# Problem to solve:
Produce a word-for-word copy of the listing below without its pictures.

[Collected material Boundary: Start]

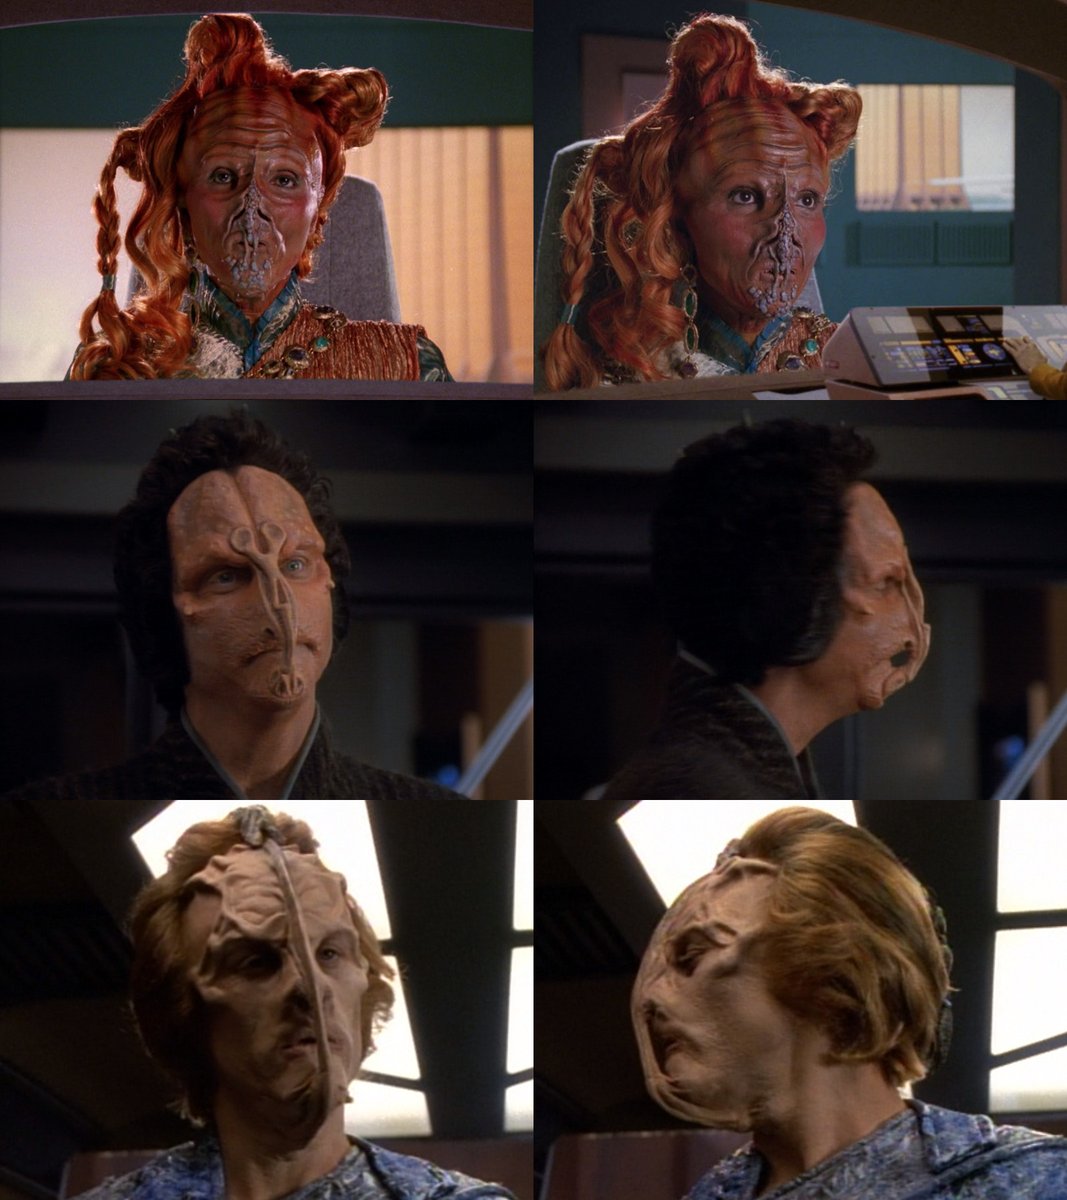 So far, at least 3 species have been seen with 'stuff' in front of their mouths that could make eating difficult (if they use their mouth for that...):
Sonji of Gamelan V in #StarTrekTNG's 'Final Mission'
Fallit Kot in #StarTrekDS9's 'Melora'
Tak Tak in #StarTrekVOY's 'Macrocosm'

[Collected material Boundary: End]

# Solved exercise:
 So far, at least 3 species have been seen with 'stuff' in front of their mouths that could make eating difficult (if they use their mouth for that...):
Sonji of Gamelan V in #StarTrekTNG's 'Final Mission'
Fallit Kot in #StarTrekDS9's 'Melora'
Tak Tak in #StarTrekVOY's 'Macrocosm'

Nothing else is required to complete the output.